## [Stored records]
----
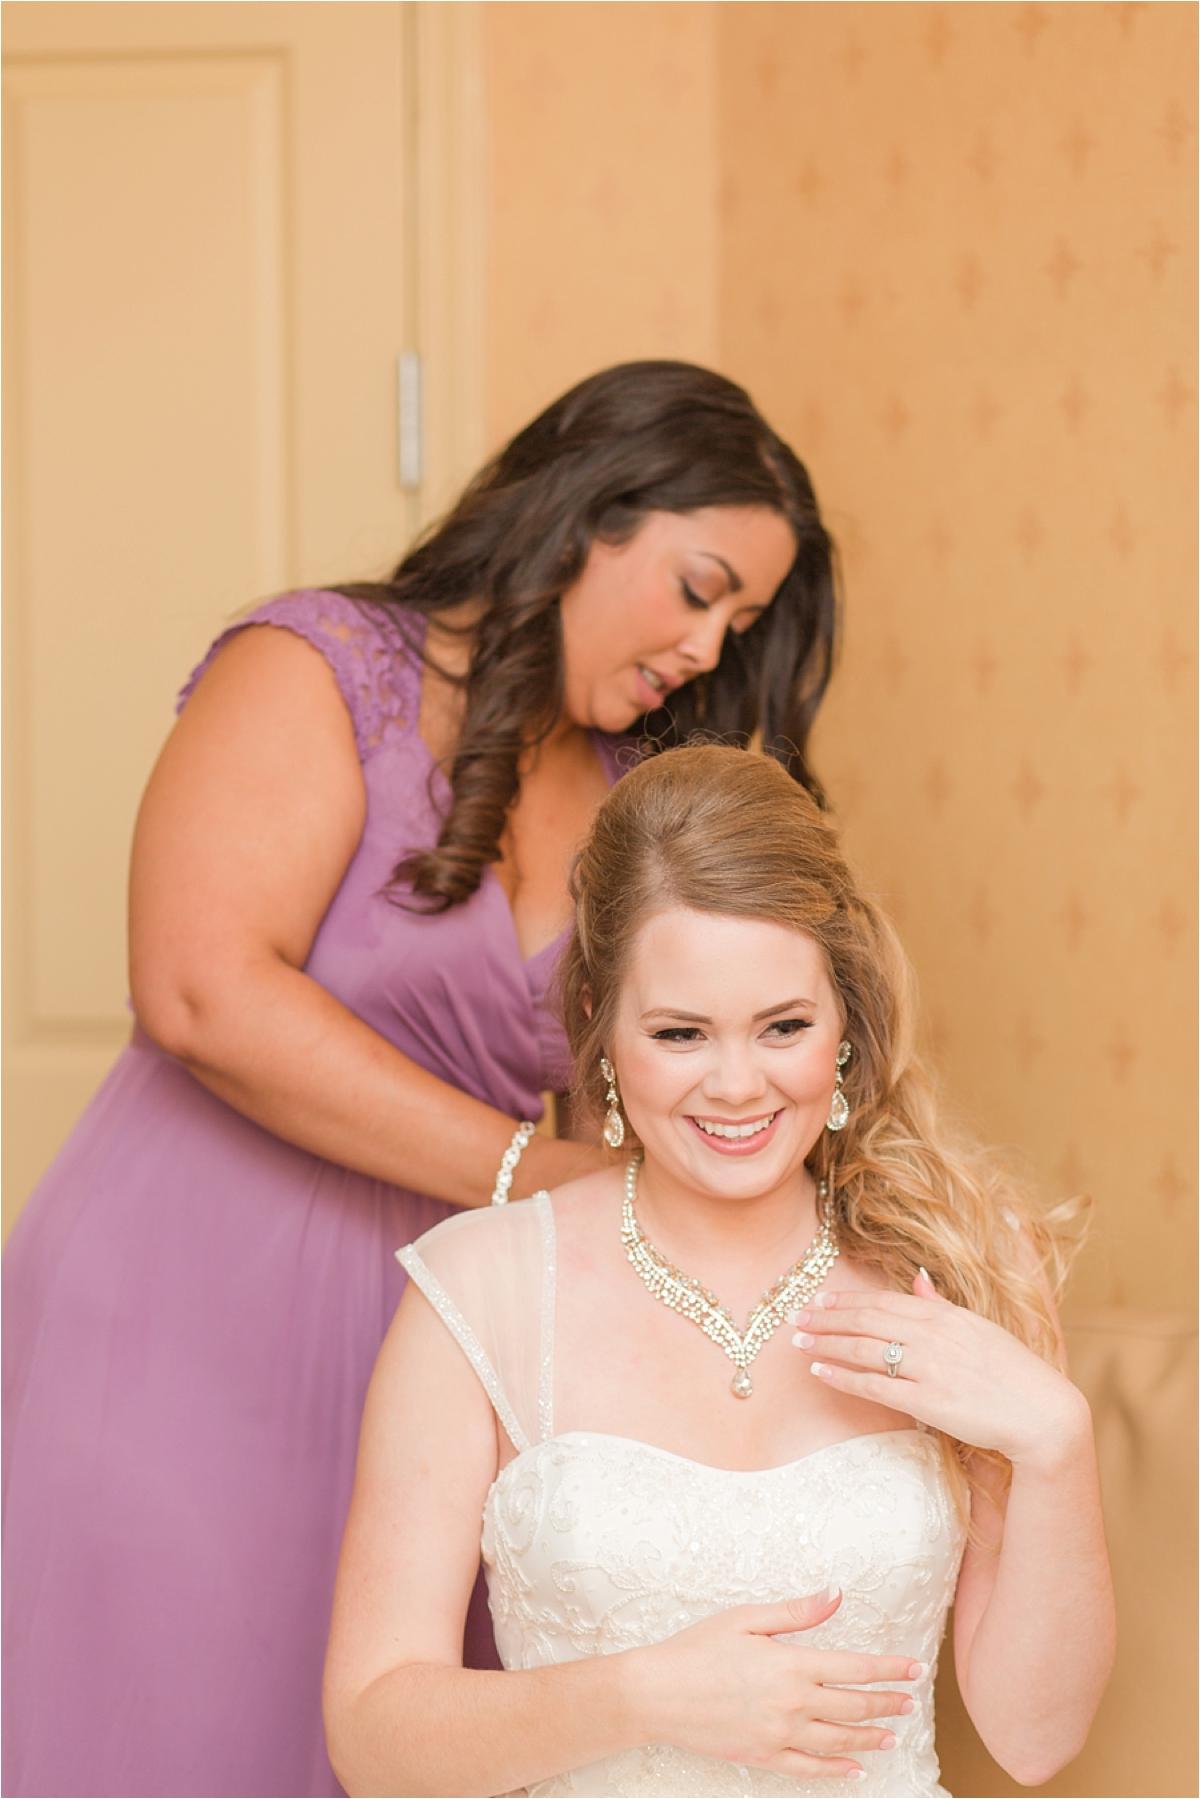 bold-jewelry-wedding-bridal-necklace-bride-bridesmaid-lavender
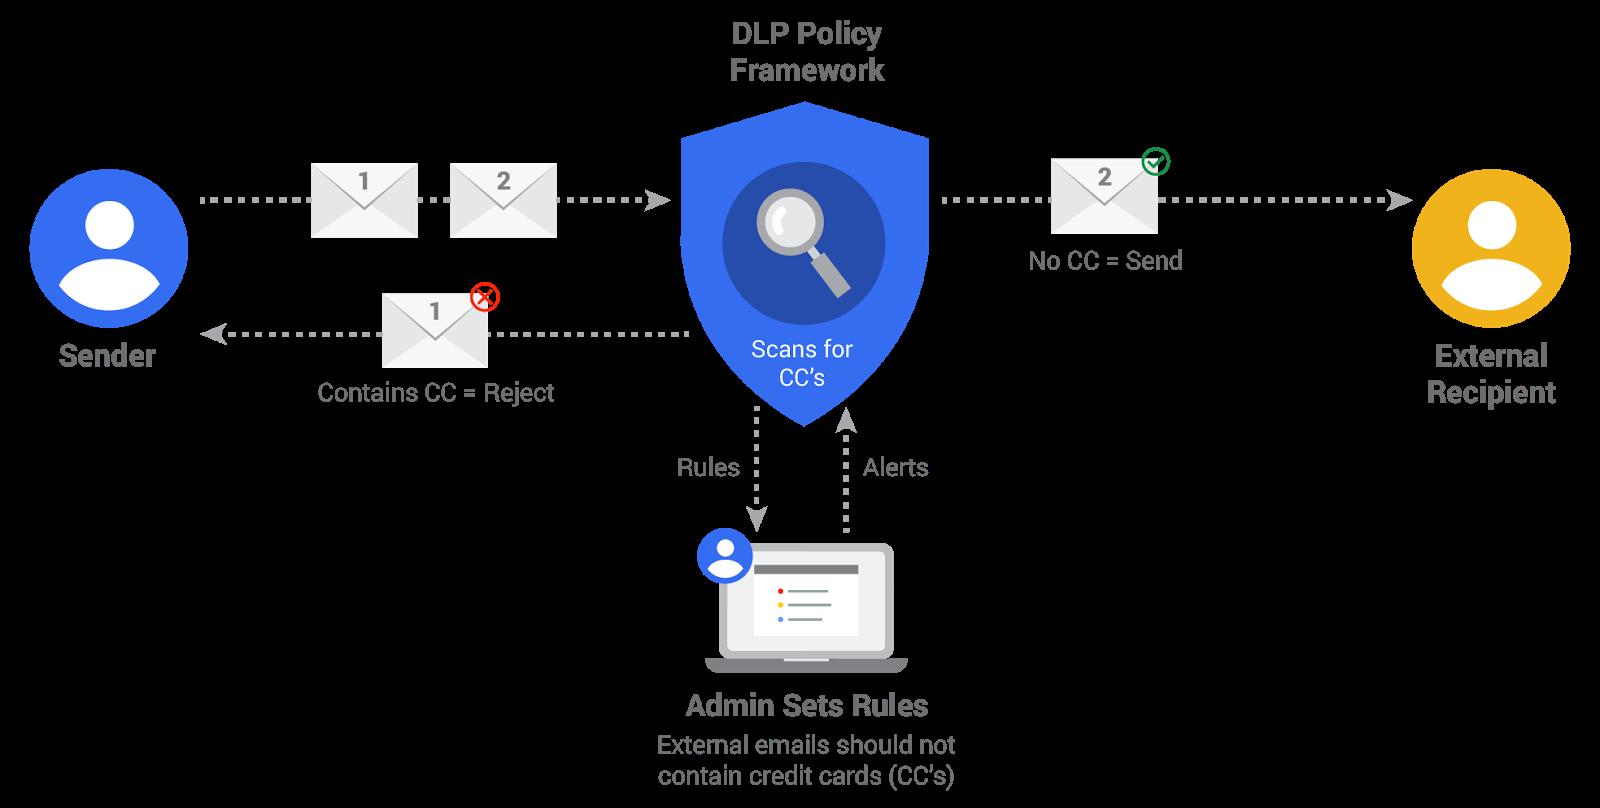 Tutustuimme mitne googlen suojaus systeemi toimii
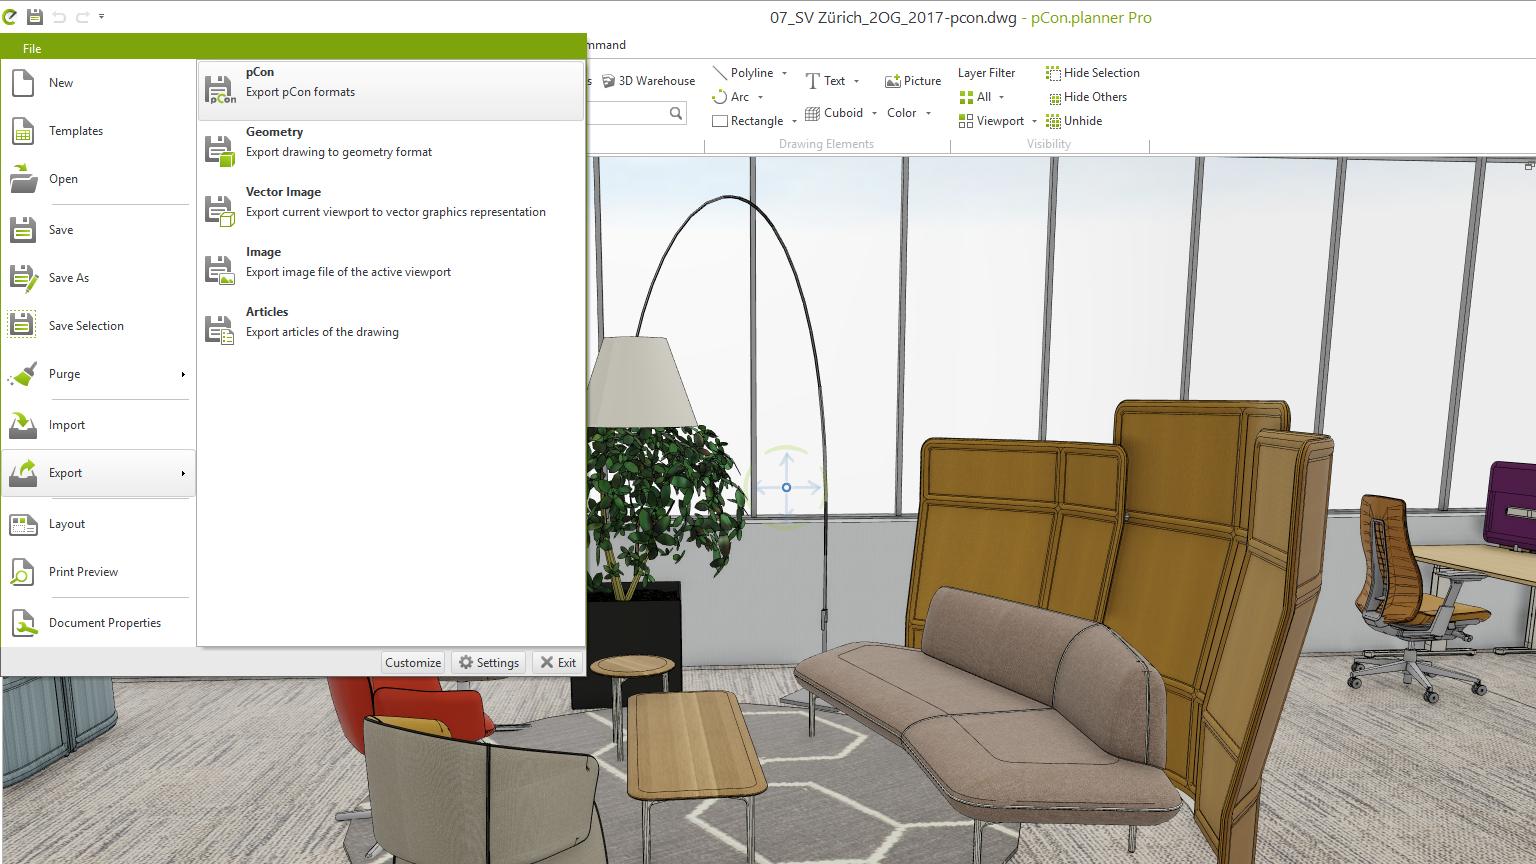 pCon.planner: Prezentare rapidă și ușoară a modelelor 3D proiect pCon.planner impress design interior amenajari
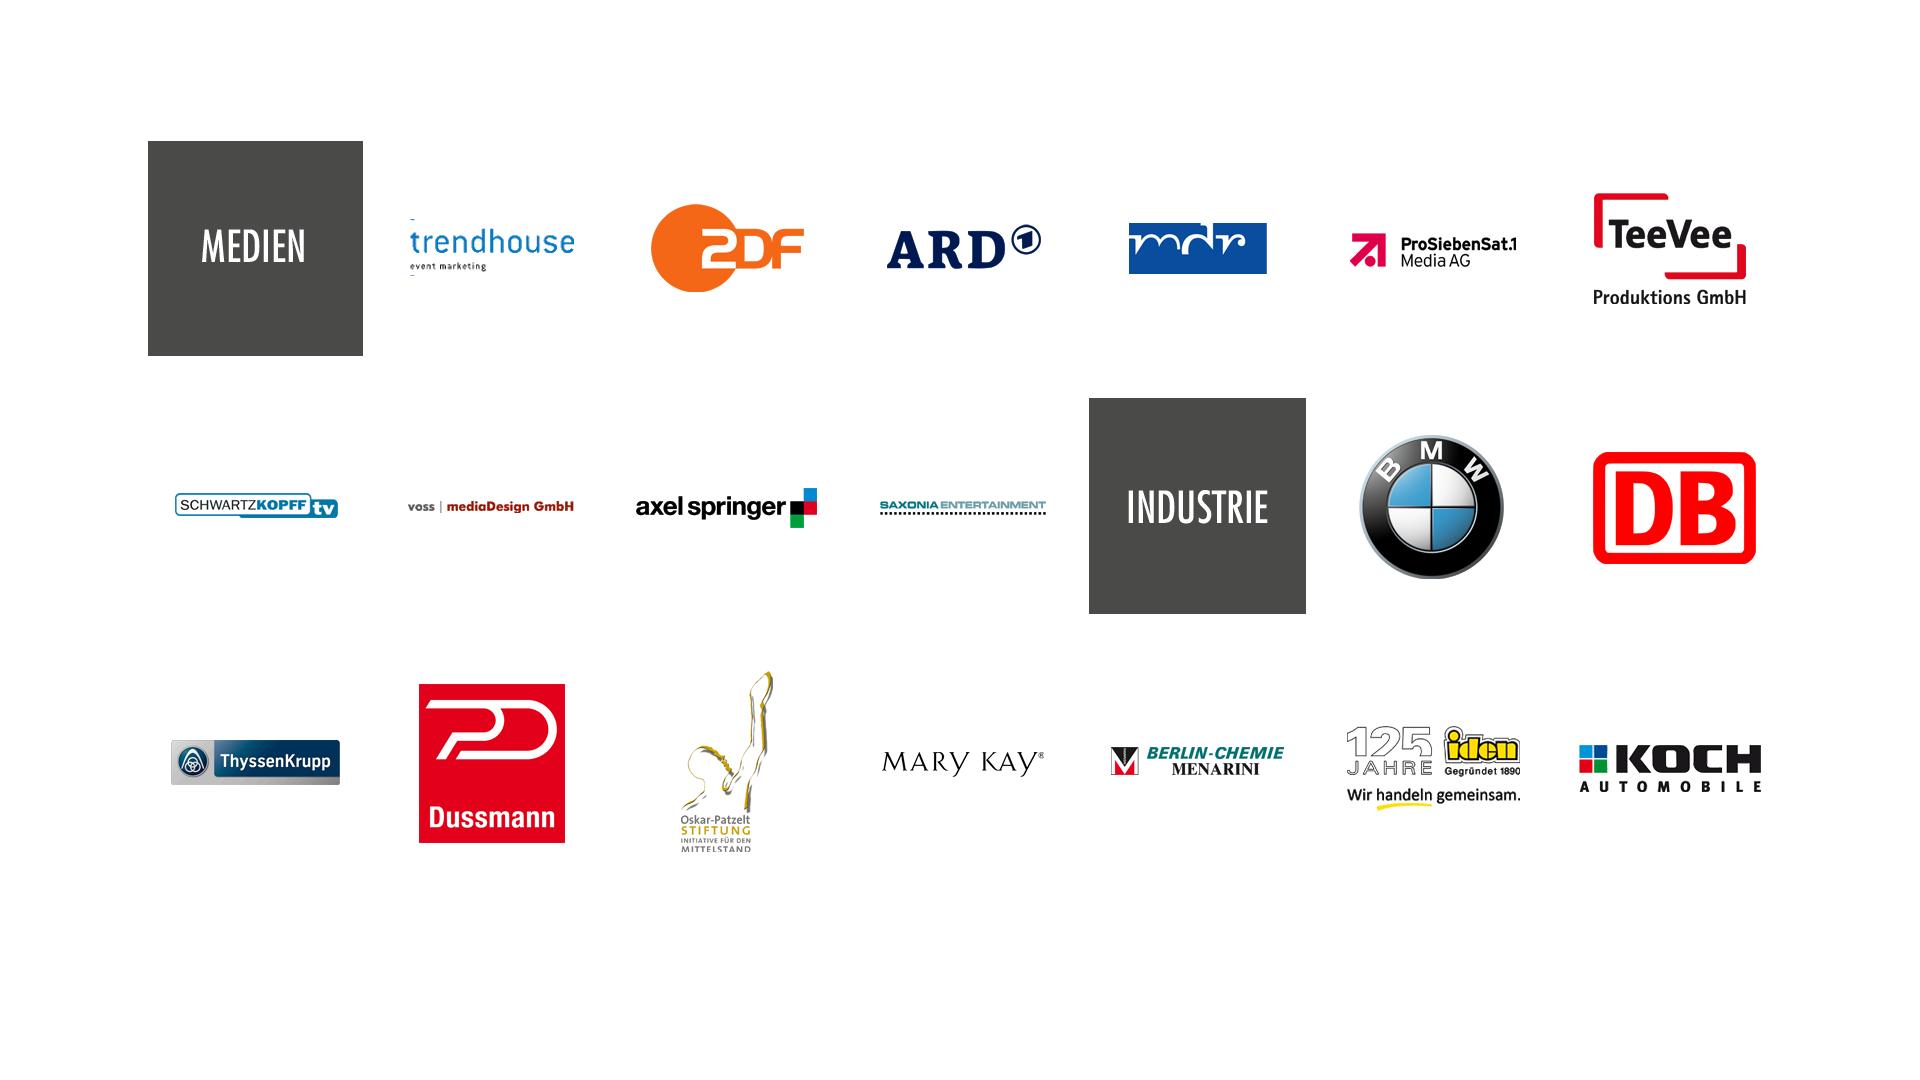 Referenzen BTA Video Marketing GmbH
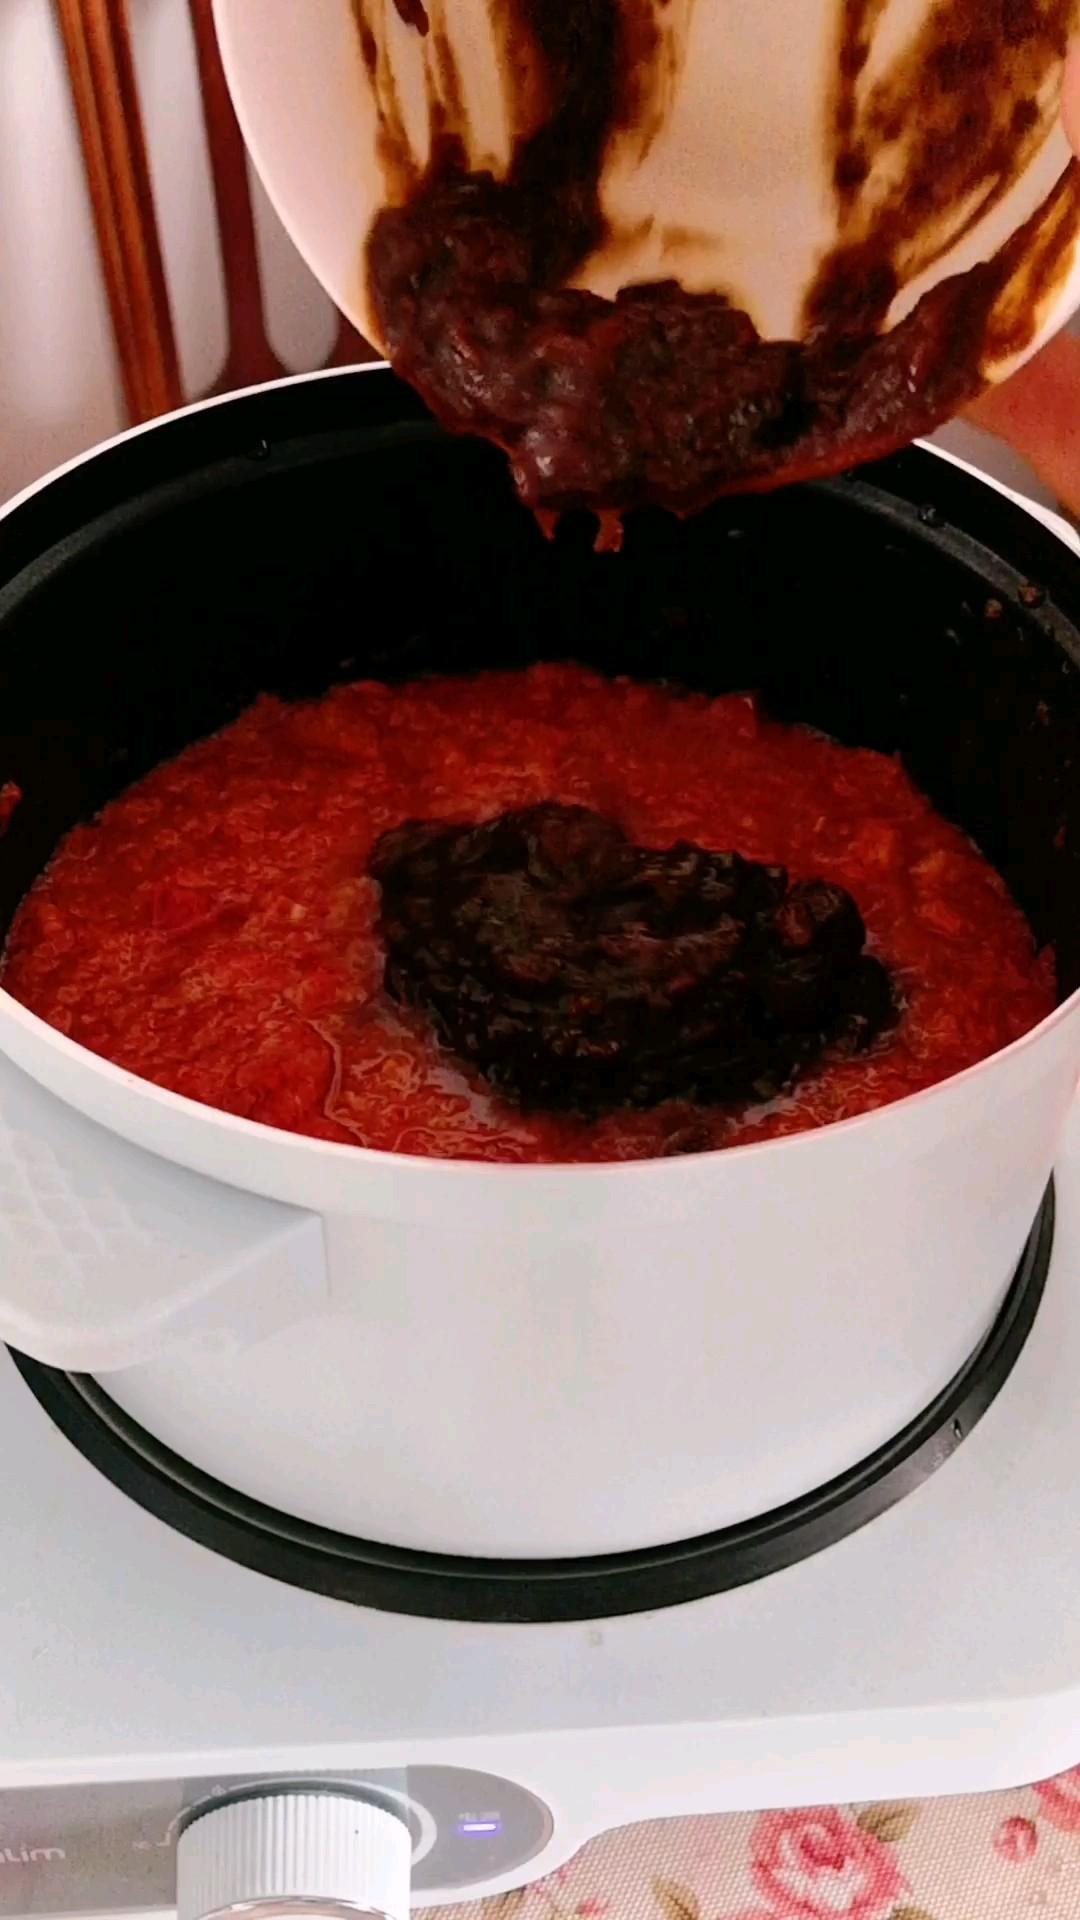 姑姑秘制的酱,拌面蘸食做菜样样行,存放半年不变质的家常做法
----
## [WHAT YOU SHOULD DO]
Every line from the one with "Referenzen BTA Video Marketing GmbH" through the end of the records is to be reproduced exactly, and the pictures are to be left out.

## [WRITTEN SOLUTION]
 Referenzen BTA Video Marketing GmbH
 姑姑秘制的酱,拌面蘸食做菜样样行,存放半年不变质的家常做法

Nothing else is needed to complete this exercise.